We will regulate to do so, or change the necessary legislation to ensure that senior citizens pay for the power they use, and not fork out vast sums just to stay connected to the system.

Again this will require us to negotiate on your behalf, but we are willing to do this as these line costs have become punitive.


Another significant concern is the substantial rise in the cost of rates.

Put simply, they are out of hand as local councils put up the rates at a much faster pace than incomes go up.

As a consequence we will extend the rates rebate scheme for those over 65.

It will work like this.

For those whose sole source of income is superannuation you will pay only 65 percent of your rates bill.

There will then be an incremental scale for any additional income earned, with the rebate ending for those who earn more than the average wage.

Again this will be negotiated between local government and the government, but it will ensure that those who can least afford it get the most benefit.

We will also be addressing GST on rates especially those components of the rates bill that are clearly not specific services such as water or rubbish collection.

The last point is the discount schemes available to our seniors.

While groups such as Grey Power have done a marvellous job in securing discounts among various businesses, these are dependent on the strength of Grey Power in that area and are not universally available.

We want this Golden Age card to become a universal symbol of the value of our seniors and for businesses to treat them as such, irrespective of where they live.

We do not seek to undermine the good work of Grey Power and others in this respect, but to enhance and build on it.

ELDER CARE Another area which needs addressing, but which is not part of the Golden Age Card, is the rapidly declining state of our elder care sector.

Extra funding is needed urgently to halt the decline of service providers in this area. The Government’s three percent offer to the sector is simply not enough and it needs to realise that $88 a day is not enough for residential care.

We will increase funding in this sector and ring-fence some of it to raise the wages of those working in the sector.

New Zealand First will also look at the make up of the sector, the size, scale and location of this type of care.

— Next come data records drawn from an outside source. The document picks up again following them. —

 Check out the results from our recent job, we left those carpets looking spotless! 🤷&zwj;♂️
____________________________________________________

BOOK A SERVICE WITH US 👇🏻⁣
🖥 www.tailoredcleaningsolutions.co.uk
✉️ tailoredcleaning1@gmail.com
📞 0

We are committed to putting a plan in place to cater for our ageing population.


Now we know our promises will cost money.

We estimate that the cost of the policies we have announced today will be around $700million.

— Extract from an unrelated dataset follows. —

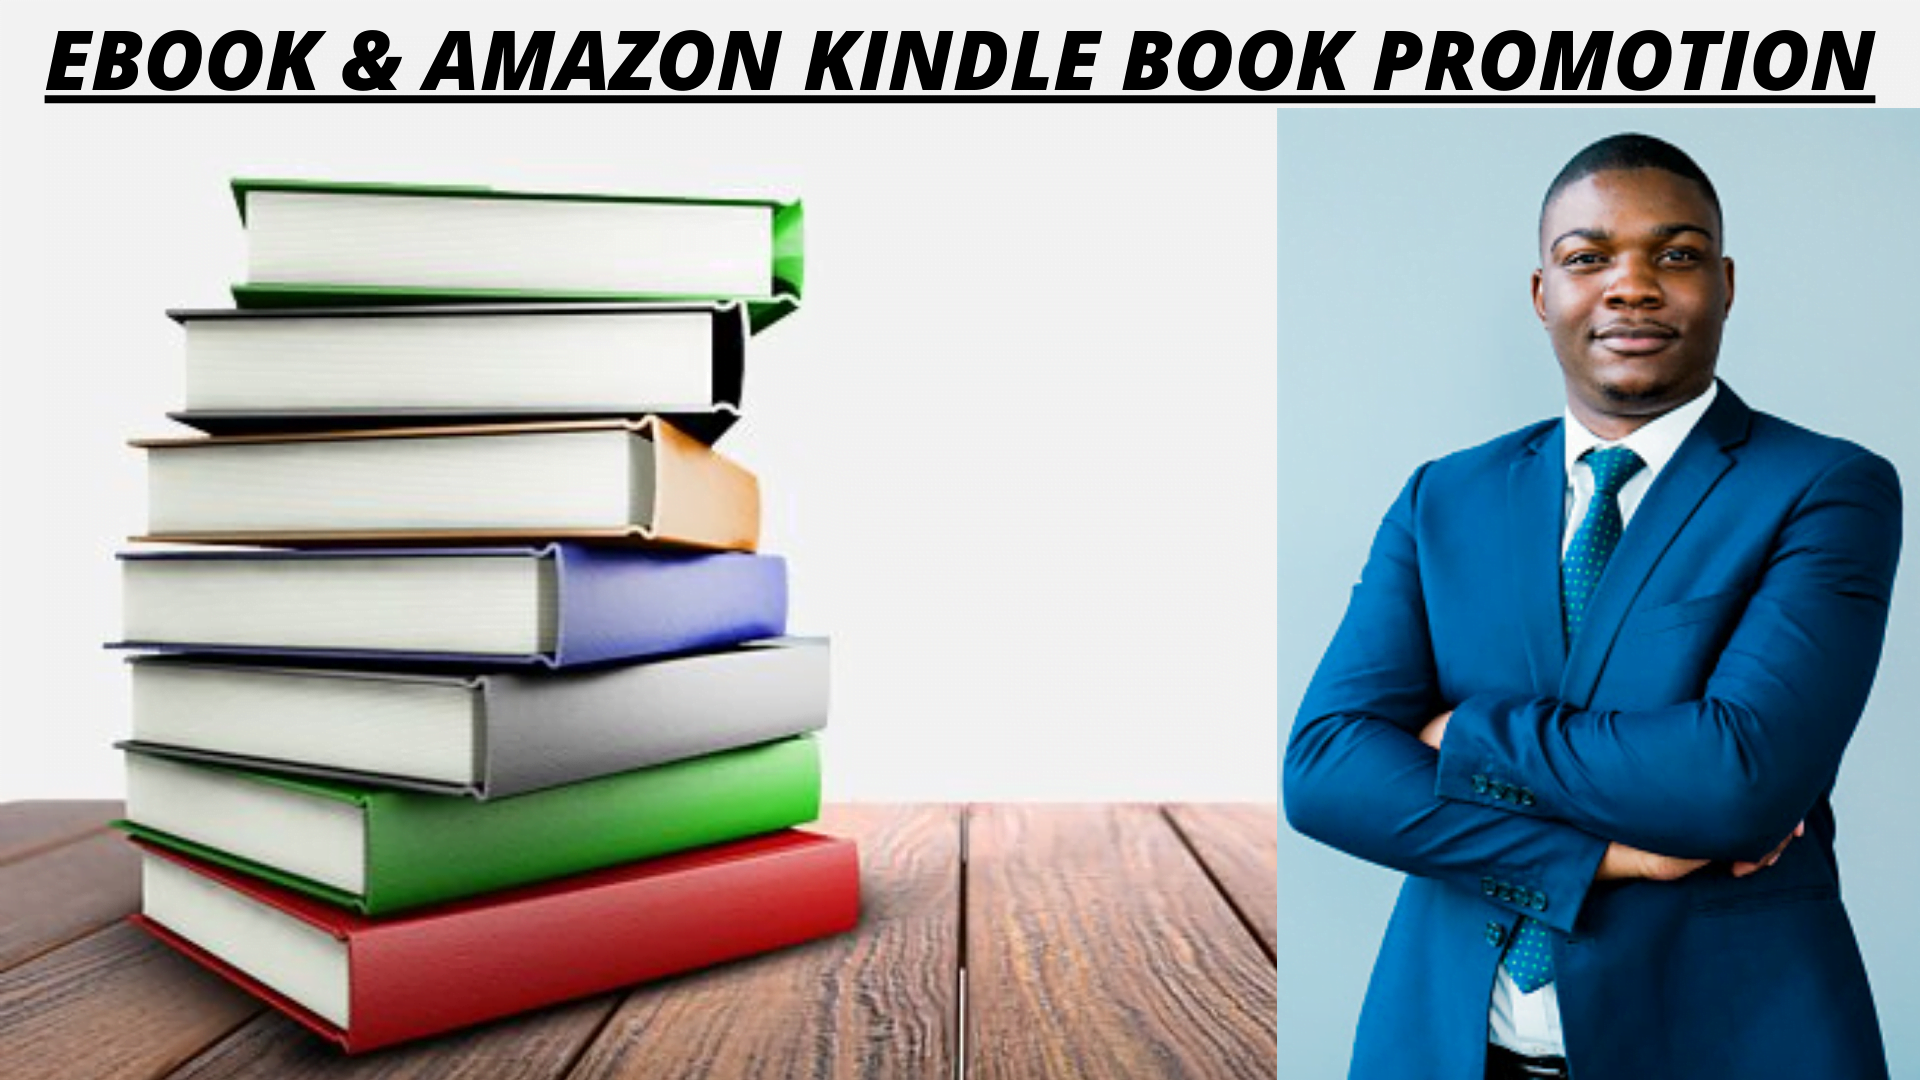 I will do organic promotion for ebook, amazon kindle, christian book and children book, FiverrBox

We know how to fund this. It, the increase, represents just over 0.6 percent of present government spending.

We know that the size of the bureaucracy has exploded since Labour came to office, with much of this involved in politically correct claptrap and it can be eliminated.

We have deliberately not gone into Labour’s big surplus to pay for our seniors policy.

Instead, we intend trimming Labour’s fat and redirect some spending more effectively to get a better outcome for all.

We do however, intend to use a small part of the surplus to bolster our police force.

And to separate out the traffic officers and send them to Land Transport New Zealand.

We know that Grey Power is particularly concerned about law and order policies and tonight we would like to remind you that we have already pledged to wage war on crime by doubling the size of the police.

We believe it is time for police to start looking for trouble rather than reacting to it or spending their time hiding in bushes on the side of the road.

CONCLUSION What we announced this evening can become a reality for senior citizens.

Through your voting power you can ensure that the future for the elderly in New Zealand is bright.

In your endeavours for the elderly, New Zealand First is the only political party that is truly with you and has been since day one.

Tomorrow the Labour and National leaders will be talking to you, promising the moon, and delivering dust.

We urge you – look at our record – and look at theirs. We will work on your behalf in Parliament and deliver what we have pledged.

If you give us your party vote we will provide a golden future.

We are committed to you – give us the chance again to prove it.